Using math as an example, I keep a digital “math” google docs files on each of my students where I note down their areas of growth. So a typical file will include key words like ballpark estimates, place value, double digit addition, etc.
Generally, my math lessons are based around 3 groups rotating every 15-20 minutes. I teach the main lesson and my lovely assistant Ms. Martha then works on individual skills the students still need to develop. Hence, the need for being able to group students based on their needs. Previously Ms. Martha and I would talk about these groupings in advance and set them up for the week, however this would involve either remembering or looking over our anecdotal notes – which takes time, and time is something teachers never seem to have. However, with the power of Google search I can just type in the keyword of what I am looking for, in the example below “double digit addition” and Drive will pull up the Doc files that have this keyword, which basically equates to those students that I need to create a group for.
In theory I can create groups instantaneously! The advantage of grouping using the power of Google Drive is that instruction is targeted to students’ areas of need (think individualized differentiation) and based on data. Groupings can change as often as I can type a search query, which means once students “get it” we can immediately create a new group and move on.
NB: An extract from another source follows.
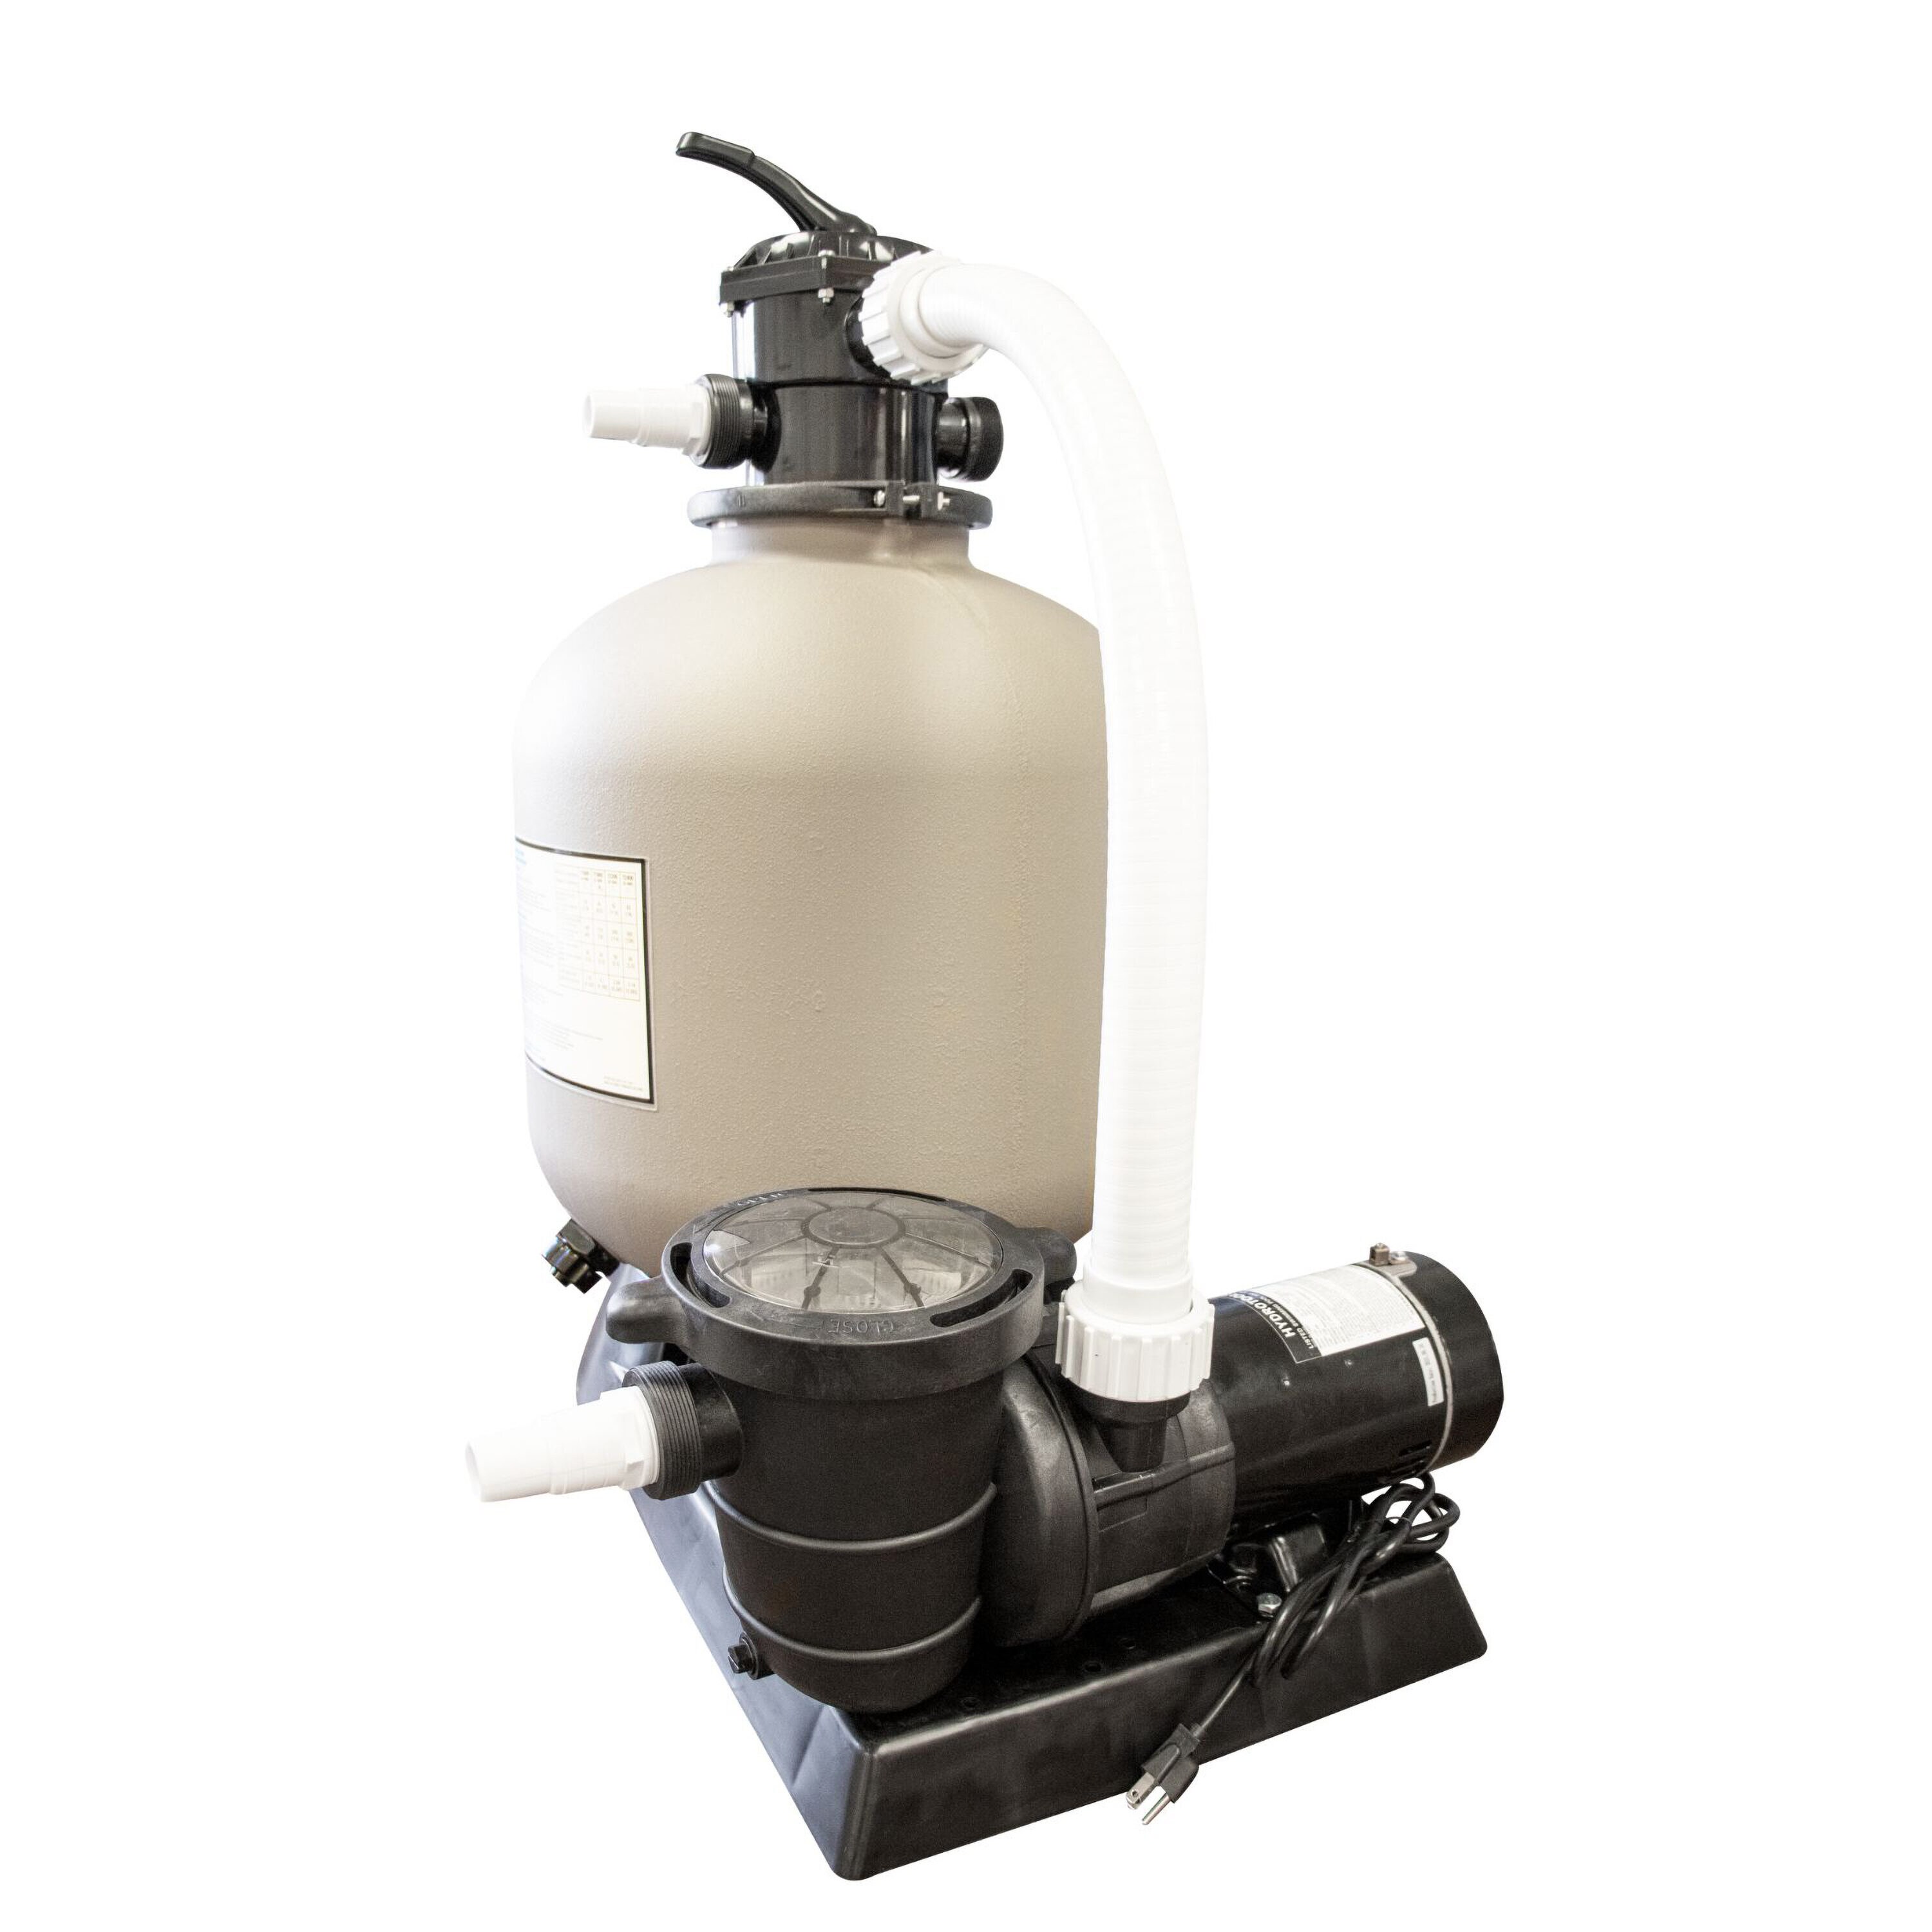 Swimline 19 FILTER TANK with 1-HP PUMP Sand Pool Filter System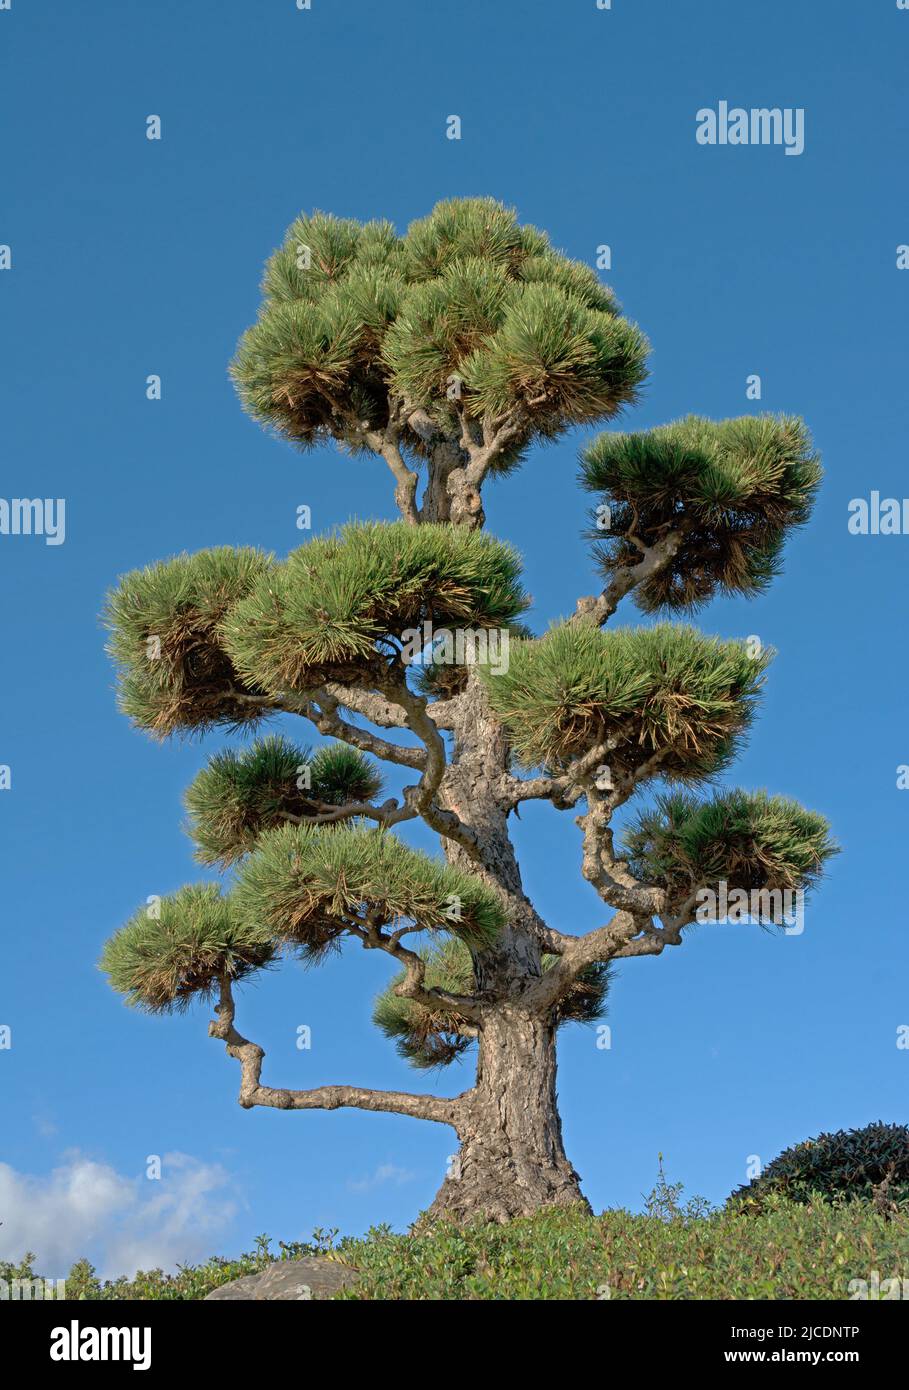 Pine or black pine, also called fluffy pine tree Stock Photo

However, there is some prerequisite work that needs to happen in order for the search feature to be successful. First of all, each student needs to have an individually named folder (so you can tell a student’s name from the file name), and then you need to have a set of keywords you will use and be consistent with: so write double digit addition instead of sometimes 2 digit addition and other times multi digit addition etc.
As long as the keywords used for the search are specific enough to be useful I can easily see how this concept can be transferred over into dynamic groupings for reading and writing as well (thinking keywords (or phrases) like track with finger for fluency or back up and re-read for comprehension, or capitalization for writing. You are only limited by your ingenuity in using keywords effectively! Happy Google Drive searching!